La pittura è il medium che consente a Marco Vettraino di rimanere in contatto con l'universo che ama e che per lui non è sostituibile. Fra l'artista e il mondo che lo circonda lo scambio è continuo, rifiorente, sintesi stupenda di voci indistinte che sorgono dal profondo e si perdono sulla tela in accordi armoniosi.

C'è sempre in lui una delicatezza, un rispetto della realtà, un'attenzione che si traforma in rigore stilistico; la pennellata sobria ed equilibrata non cede al desiderio, ma si inserisce nell'equilibrio dell'insieme con una precisa coscienza.

Tutta la sua pittura, anche quella apparentemente non assimilabile ad un processo generale, è sempre legata ad un iter iniziale che sembra rinsaldare ogni parte dell'opera ed istituire un filo d'unione ideale.

C'è sempre in lui una delicatezza, un rispetto della realtà, un'attenzione che si trasforma in rigore stilistico, la pennellata sobria ed equilibrata non cede al desiderio.

Con un romanticismo vicino a Ensor e Fredrich, la poetica di Vettraino percorre attraversamenti della nostra cultura rinascimentale, partendo dal colorismo del primo Cinquecento e della pittura Veneta per arrivare ai silenzi meditativi di Leopardi.

Sbaglierebbe, però, chi affermasse che la sua poetica sia l'effetto di una qualche passività o di un'"accettazione" ereditaria. Egli insegue il proprio istinto potente e profondo, che lo porta ad identificare le immagini primarie e semplici del sentimento e della passione nell'atto stesso di generarle come sua personale visione, che, essendo sorgente e vivente, non può essere solo analisi di sé stessa.

La sua personalità artistica è la negazione dell'alienazione; ogni visione iconografica non lo è tale naturalmente, ma è attraverso il filtro della coscienza e della propria scoperta umana.

Nella ricerca di Vettraino l'esperienza rappresenta il nesso con la vita perennemente nascente e prende forme infinitamemente creative. Le sue opere sono esseri viventi e, come tali, fanno parte della sua storia, coscienza dell'uomo stesso, l'escludere questo concetto o utilizzarlo al di fuori della sua valenza, significa semplicemente per l'artista mutilarsi o ecludersi dalla sorgente, vivere in contingenze funzionali, strumento e non attore, oltre qualsiasi illusione o pretesa verità.

Il pittore domina con padronanza stilistica un vasto amalgama di colori: si osservi come i segni, ora rapidi ora bloccati, invadono la superficie della tela.
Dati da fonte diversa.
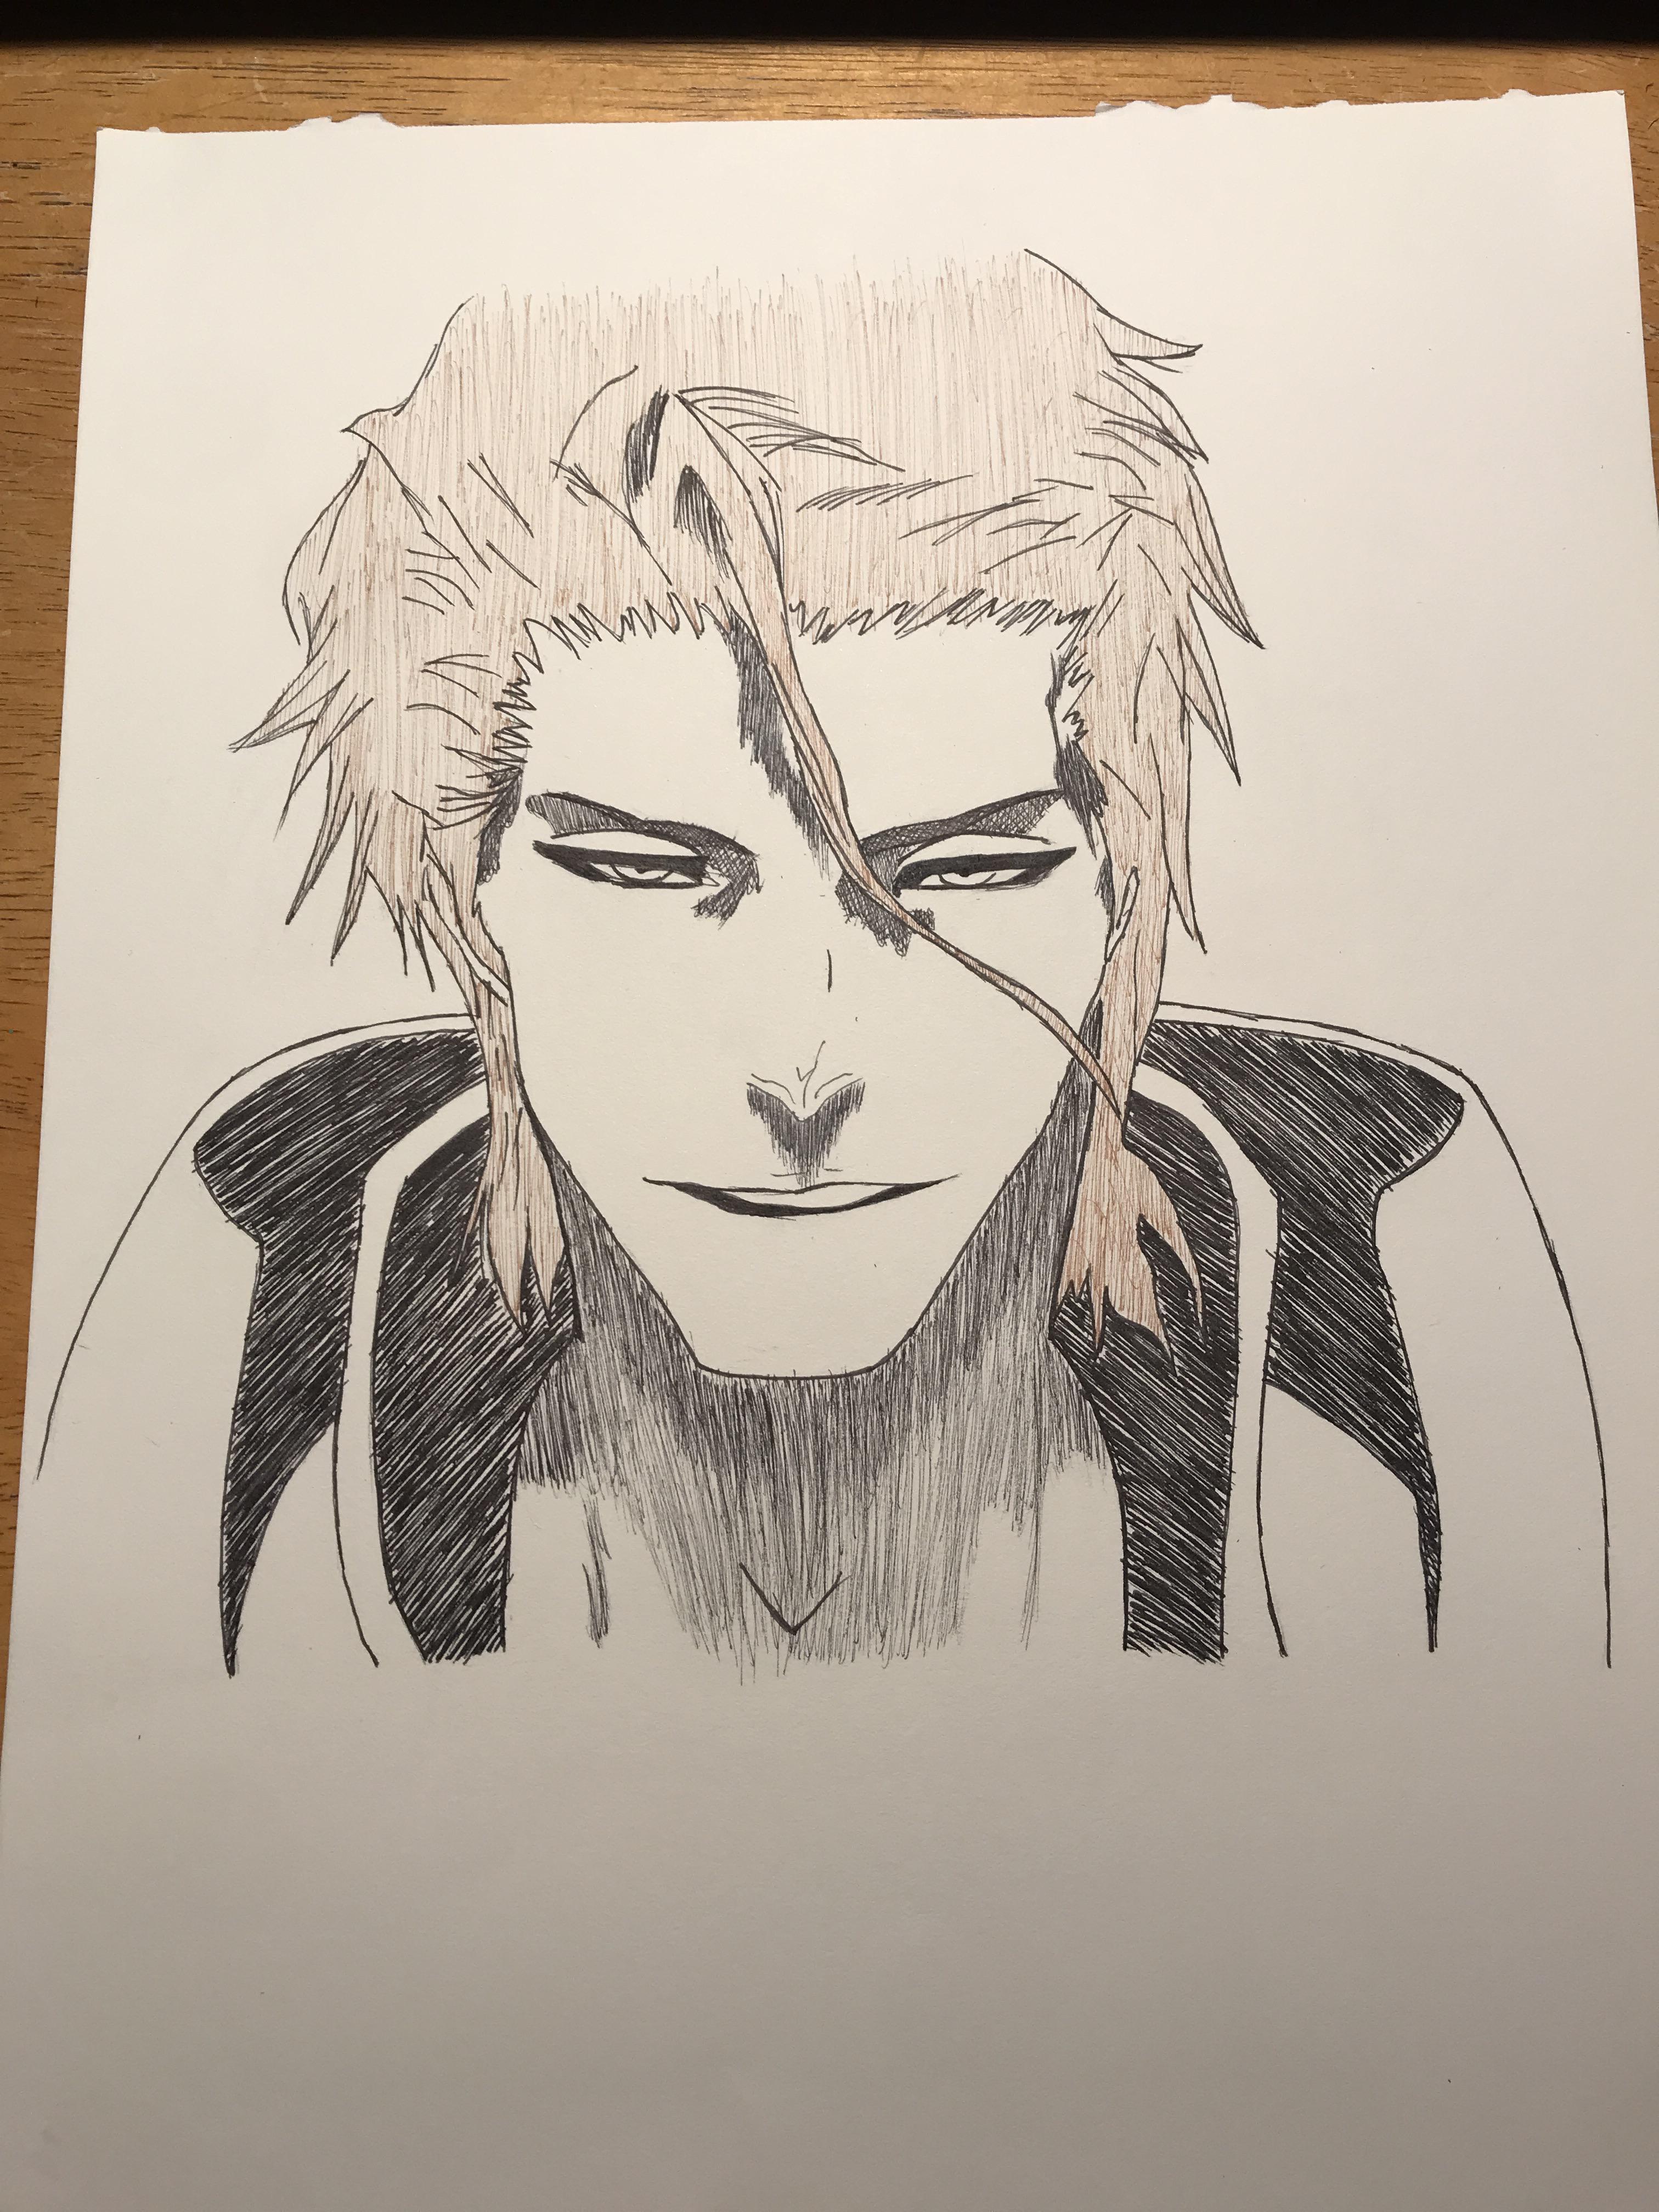 Aizen drawing by me | Scrolller

La restituzione dell'hic et nunc esistenziale è immediata, instaurando una sorta di sospensione temporale che traduce in rarefazione poetica la concretezza del racconto.

Scorrono nel quadro immagini che concretizzano un universo solo apparentemente esterno a noi, ma in realtà specchio delle complesse vitalità del microcosmo umano.

La pittura assume una duplice funzione: è ascesa che arresta la "regressione" e trasforma l'aggressività in creazione; ma è anche e soprattutto emozione offerta agli altri: relazione autentica tra l'io e il sé, tra il sé e gli altri; non come trauma dell'esistenza ma come equilibrio.

Le opere di Vettraino devono essere osservate oltre la loro apparente leggibilità nel loro significato più profondo, senza lasciarsi appagare o respingere soltanto dai valori in superficie. La pittura supera la dimensione apparente dell'oggetto per fargli asumere un preciso valore metafisico: vengono trasferiti nel quadro il senso dell'Eros, Bios e Thanatos che è in noi.

Lo spazio-tempo e la dimensione dell'assoluto presente non consentono più stasi contemplative perché divengono dimensioni dell'atto e dell'oggetto come funzione dell'atto stesso. Questo fa comprendere quanto sia autonomo e prezioso il suo linguaggio i cui valori prendono vita dai tempi ritmati della tecnica e da una manualità tanto attenta che sembra riprodurre movimenti antichi di secoli.